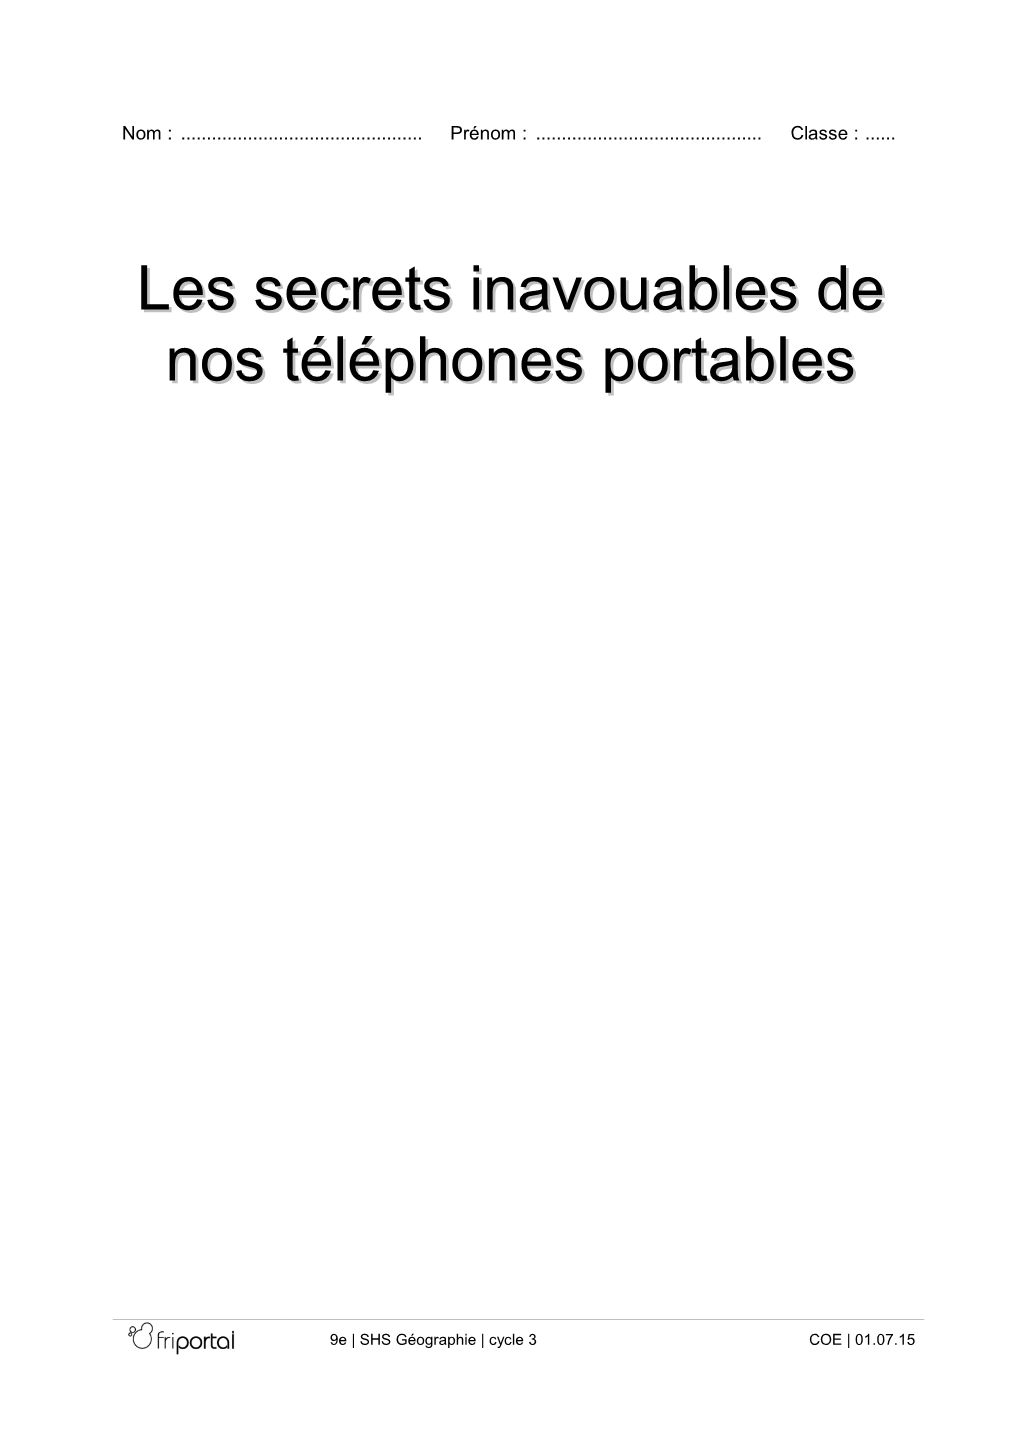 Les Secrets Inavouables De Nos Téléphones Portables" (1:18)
● ● ● ● ●
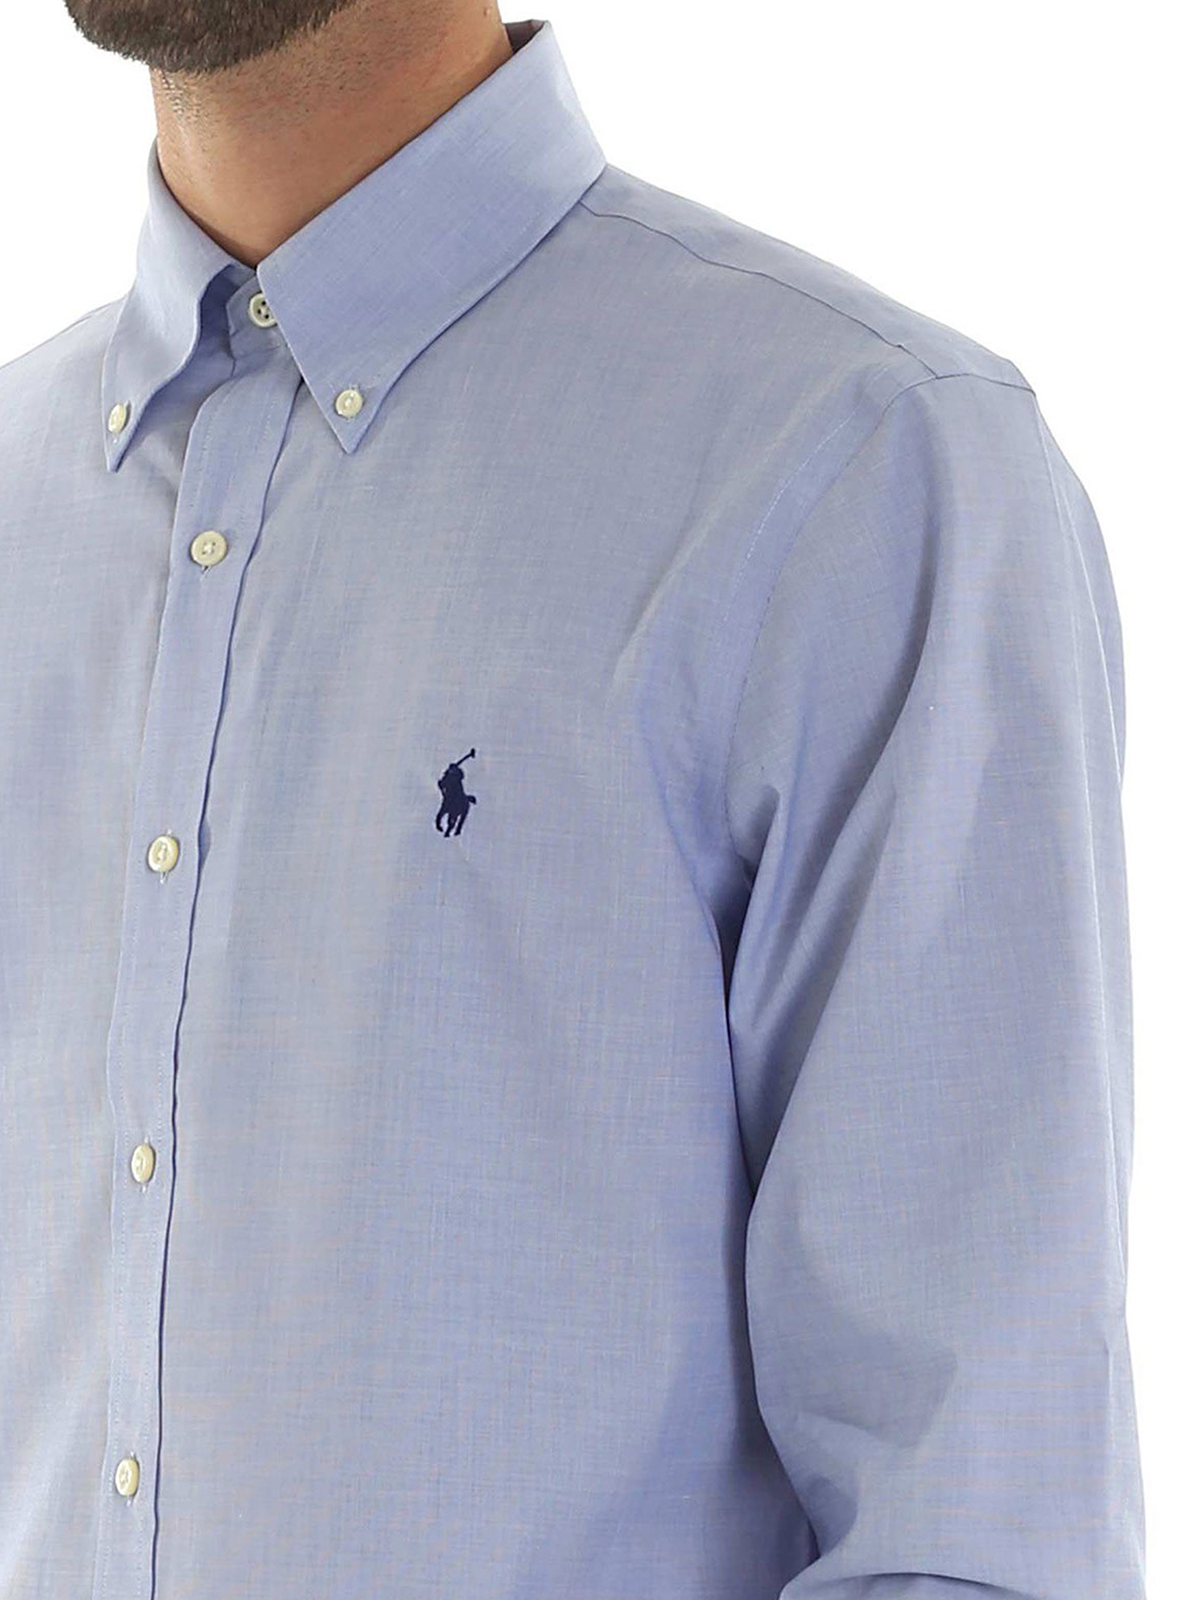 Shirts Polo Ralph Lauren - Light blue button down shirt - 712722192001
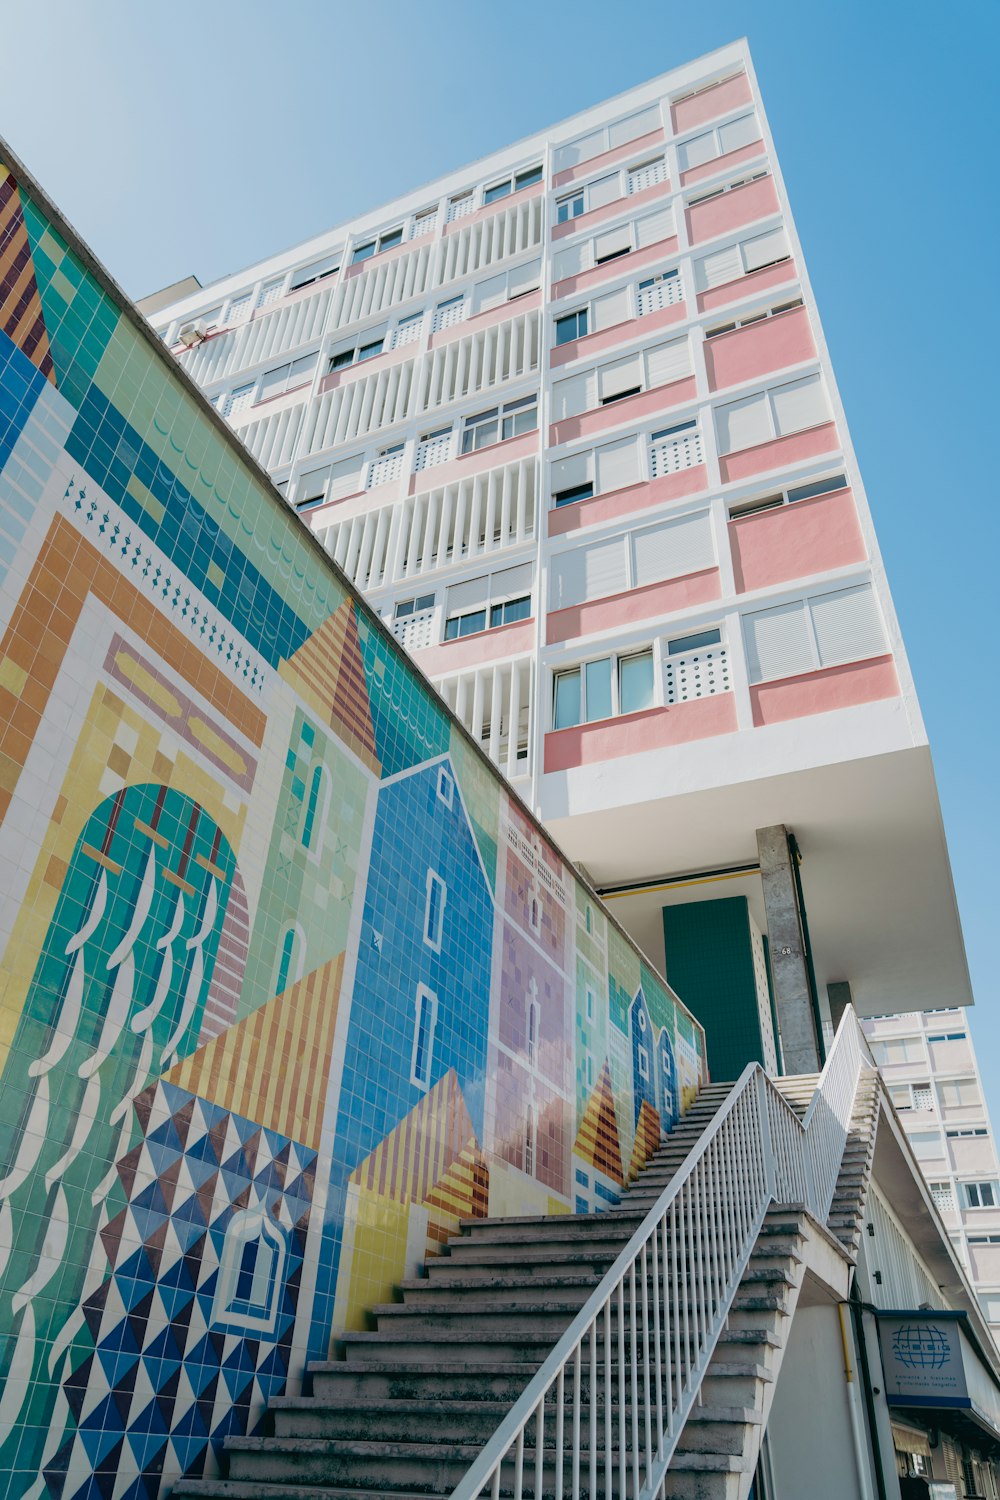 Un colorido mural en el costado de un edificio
● ● ● ● ●
- **Exercise directions**:
Within the listing above, find the line containing "Shirts Polo Ralph" and the line containing "Un colorido mural". Transcribe them and everything between them exactly, leaving out the pictures.

- **Your response**:
 Shirts Polo Ralph Lauren - Light blue button down shirt - 712722192001
 Un colorido mural en el costado de un edificio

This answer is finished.